CanonicalTailwind
Canonicalizes Tailwind CSS utility classes in HEEx templates via
mix format.
Delegates to the tailwindcss CLI's canonicalize --stream
subcommand, which sorts classes, normalizes utilities to their
canonical form, and collapses duplicates. Powered by the same
Tailwind CSS engine as the
Prettier plugin.
- mr-4 custom-btn flex ml-[1rem] flex
+ custom-btn mx-4 flex
Unknown classes are preserved and sorted to the front.
Requirements
- Elixir ~> 1.18
- Phoenix LiveView ~> 1.1 (for
attribute_formatterssupport) - The
tailwindcssCLI >= 4.2.2 (first version withcanonicalize)
The :tailwind package's default CLI version may lag this
requirement.

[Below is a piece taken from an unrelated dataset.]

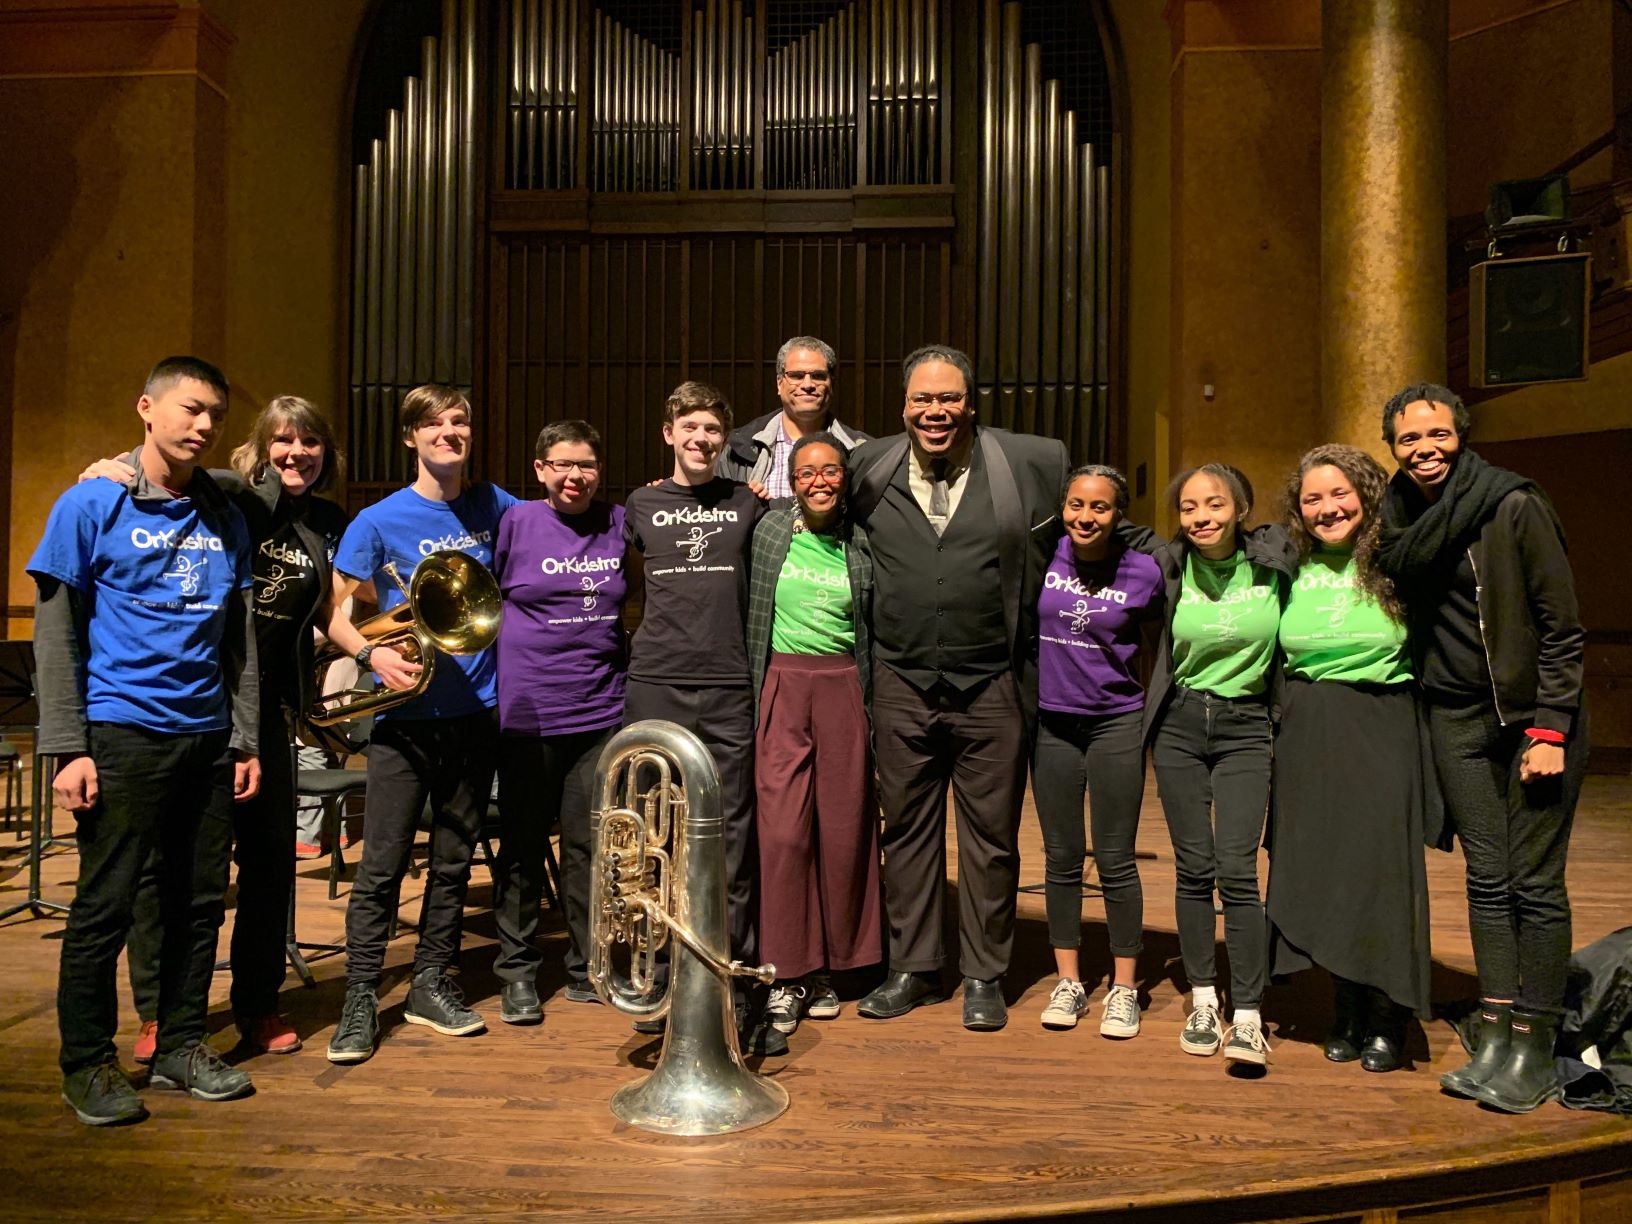 A photo of Dr. Richard A. White with OrKidstra

If startup reports an older Tailwind version, set
config :tailwind, version: "4.2.2" (or newer) and run
mix tailwind.install.
Setup
Add canonical_tailwind to your dependencies:
# mix.exs
defp deps do
[
{:canonical_tailwind, "~> 0.3.0", only: [:dev, :test], runtime: false}
]
end
Then in .formatter.exs, add attribute_formatters alongside your
existing HEEx formatter plugin:
# .formatter.exs
[
plugins: [Phoenix.LiveView.HTMLFormatter],
attribute_formatters: %{class: CanonicalTailwind},
# ...
]
Now mix format automatically canonicalizes Tailwind classes in
class attributes, processing only files changed since its last run.
The ~TW sigil
The setup above canonicalizes class attributes in HEEx. Tailwind
classes also live in .ex code: helper functions, module attributes,
class-builder lists. A formatter can't safely canonicalize those on its
own: it can't tell a class string from any other string, and reordering
the words of a non-class string would corrupt it.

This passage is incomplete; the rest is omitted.